In this paper, based on the hierarchical attention network design summary model for the review document data, the GRU is extended, the aspect knowledge is introduced, the aspect vocabulary is introduced, the structure of the GRU is enhanced, and the attention weight mechanism is used to identify words with higher weights in the sentence. These words form a sentence representation, and then form a representation for the text based on the attention mechanism. The model is compared with a series of unsupervised and supervised summary baselines. The experimental results show that the model performs better than most of the baselines in the text, and can use the loop structure to capture context information and introduce attention in two encoders. The attention mechanism effectively improves the saliency sentence extraction of the abstract. Finally, in the experiment, whether or not to add the redundant culling step into the model test, the results show that the redundant culling is beneficial to the summary result of the review.

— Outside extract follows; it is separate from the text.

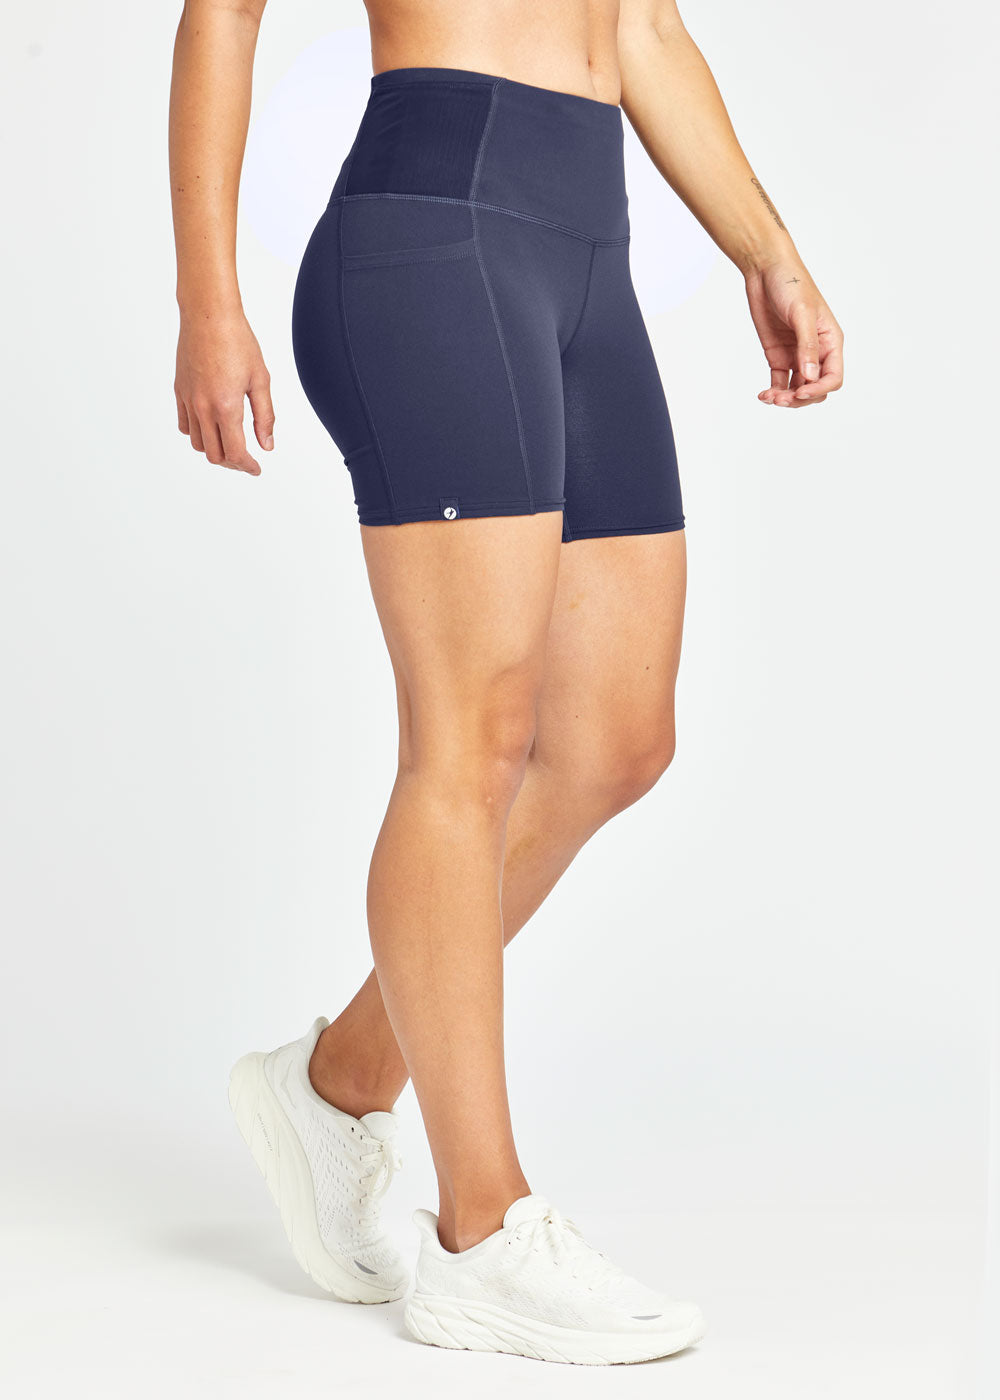 Lululemon Womens Size 12 Activewear Shorts Blue

Next, the evaluation method ROUGE is based on the word correspondence, regardless of the semantic level. If the words are different, even if the semantics are closely, the calculated evaluation value will not be high. As the abstract technology becomes higher and higher, the phenomenon of synonymous different texts will increase. Therefore, there are still some shortcomings in the evaluation method of the abstract, and further consideration for authentication method is needed.
Footnotes
Acknowledgments
This research is supported by Scientific Research Project of Beijing Educational Committee (No. KM201810017005).